Post-pandemic, many businesses are gradually exploring new solutions that turn out to be not just more affordable, but also eco-friendly.

Climate change is a fact, one that not many people want to believe, but one that is slowly catching up to us. Climate change indicators have been spiking for the last decade and they will not cease until actions are taken. When you think of the internet and its endless possibilities, you’re surely unaware of the fact that it (indirectly) is becoming one of the main CO2 (Carbon Dioxide) producers up to date. How is it possible that the internet (a virtual construct) has any sort of pollutant impact on the “real” world? Let’s find out.

Data Centers

As it is in the nature of things, the internet has evolved from its simple texting imperative on to a (still) fleshing environment where people trade, play, communicate, watch videos, and many other things. This creates a massive amount of content creation, and thus also data storage. Enter Data Centers, the main mode of data storage and processing. While they are convenient and efficient, they also require huge amounts of energy to maintain the hardware cooling systems. This energy necessity has a substantial CO2 output, which of course, is not good for the environment. The harm caused by this CO2 production can’t be ignored, considering that by 2021 there are more than 7 million data centers worldwide. 

Green Hosting

To tackle this growing problem, going green was the inevitable result. Hosting companies have moved on to more eco-friendly solutions, which has proven to be both beneficial for the environment and affordable for the companies.

Webline-Services (for example) has decided to use energy-efficient hardware. This reduces cooling loads, and thus demands less energy from its providers. Ultimately, what happens is there’s less CO2 production and the hosting provider can offer better prices for their services. 

Another solution presented by web hosts is to purchase their energy from companies that specialize in renewable energy. These energies include sunlight (electromagnetic radiation) through the use of solar panels, Eolic energy that uses wind turbines, and even Hydroelectric power. This step-back from fossil fuel burning seems to be catching up, as more and more clients prefer eco-friendly services. 

Green Computing

Green computing is the study and implementation of eco-friendly computing practices. Its goals are to reduce the production of hazardous materials (keep in mind that we’ve been talking about CO2, but it is not the only byproduct pollutant out there), while exploiting energy efficient hardware and techniques. 
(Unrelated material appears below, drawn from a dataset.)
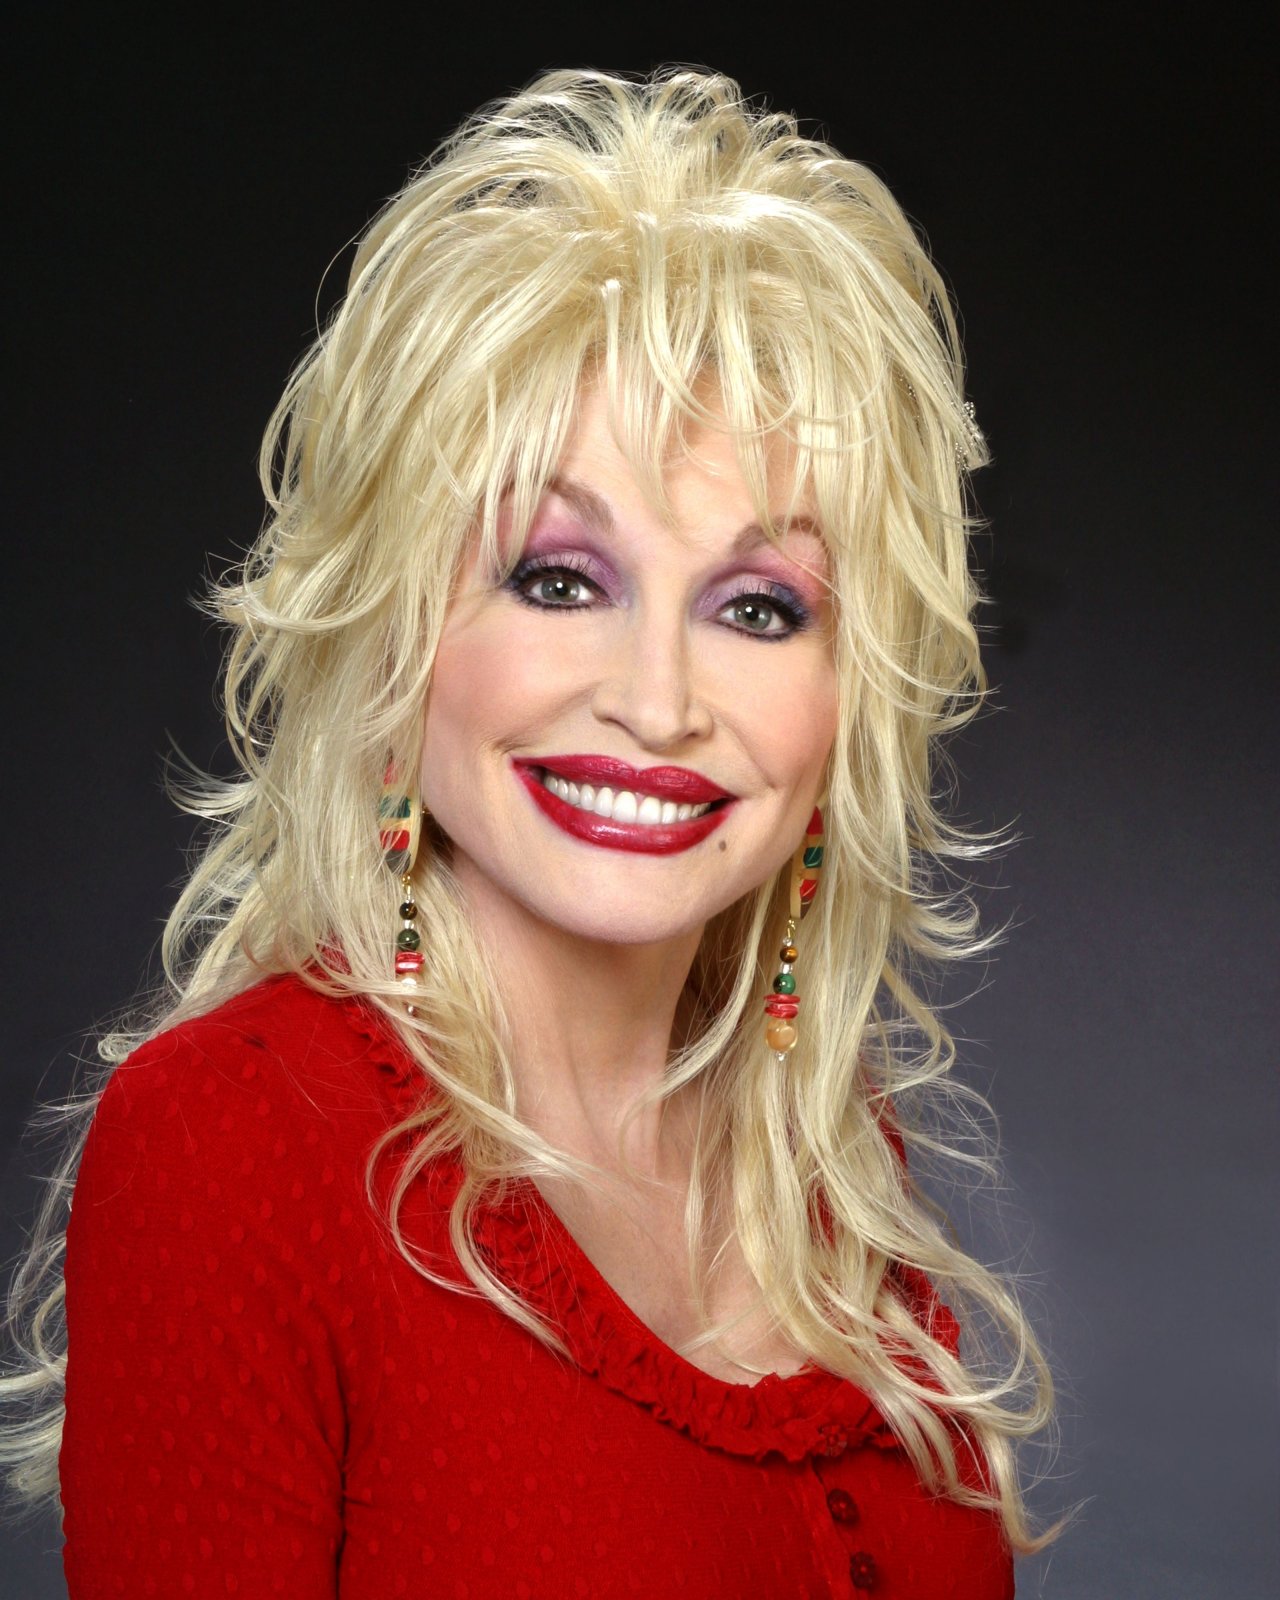 Dolly Parton Backgrounds, Compatible - PC, Mobile, Gadgets| 1280x1600 px
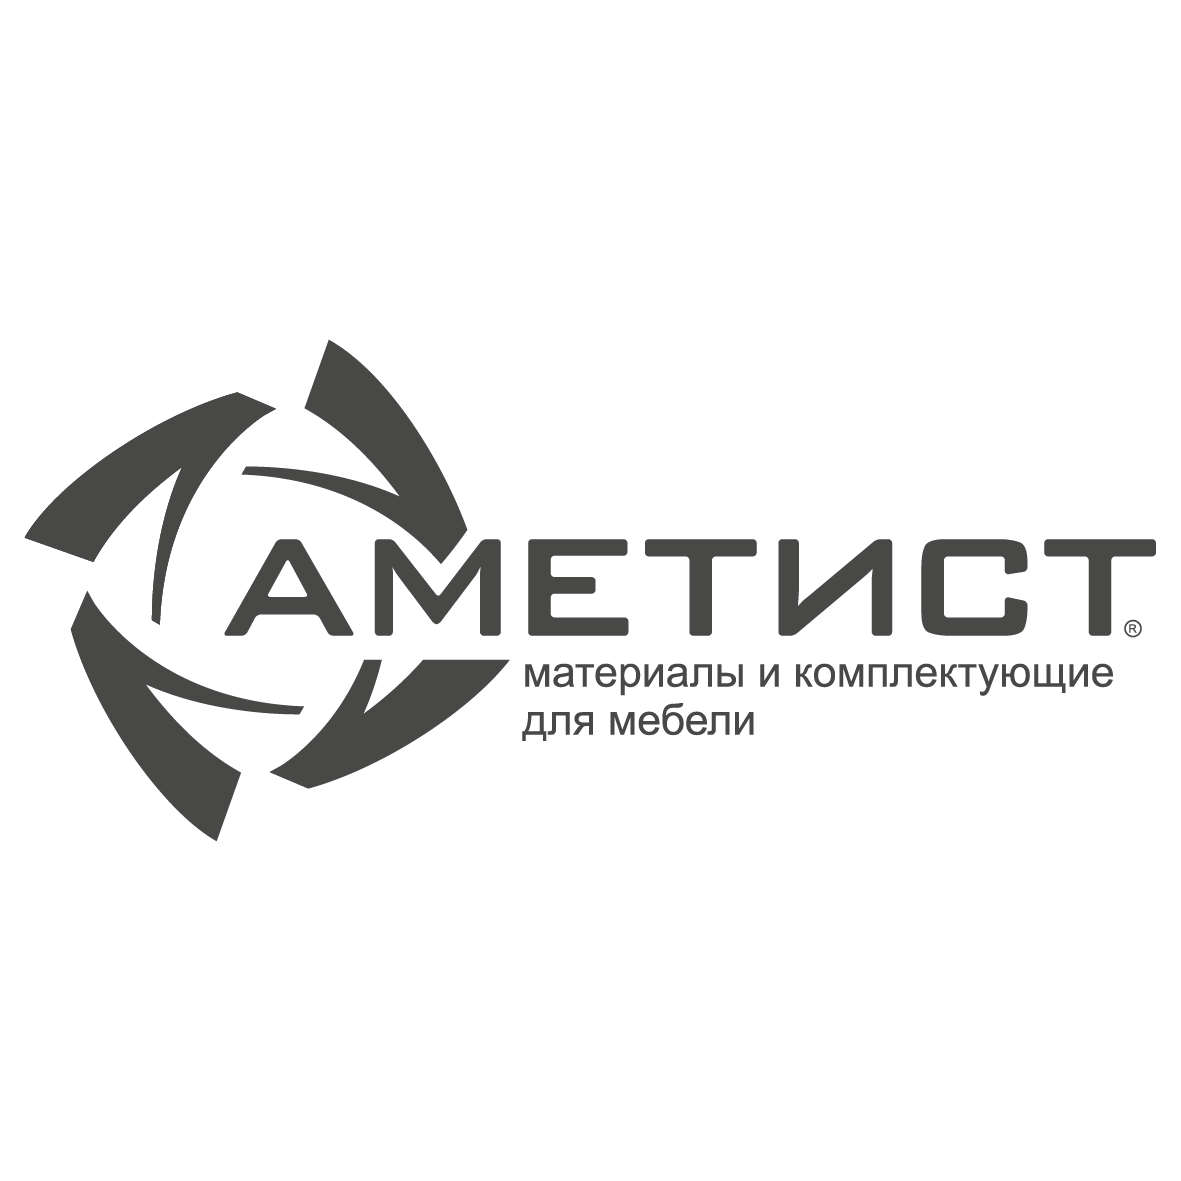 Управляющая компания аметист. Mebelit логотип. Chistetika лого.

This research area has become so important that some governments have started to institutionalize standards and regulations that promote it. Some of these regulations include (but are not limited to):

  1. Product longevity and recycling, to reduce waste production. 
  2. Data center design, making emphasis on energy providers and waste heat recycling.
  3. Resource allocation.
  4. Cloud computing as an alternative for a Hybrid IT setup.

Our current situation has not stopped the digital growth of the internet. Post-pandemic circumstances will be needing even more clever solutions that adapt these changes.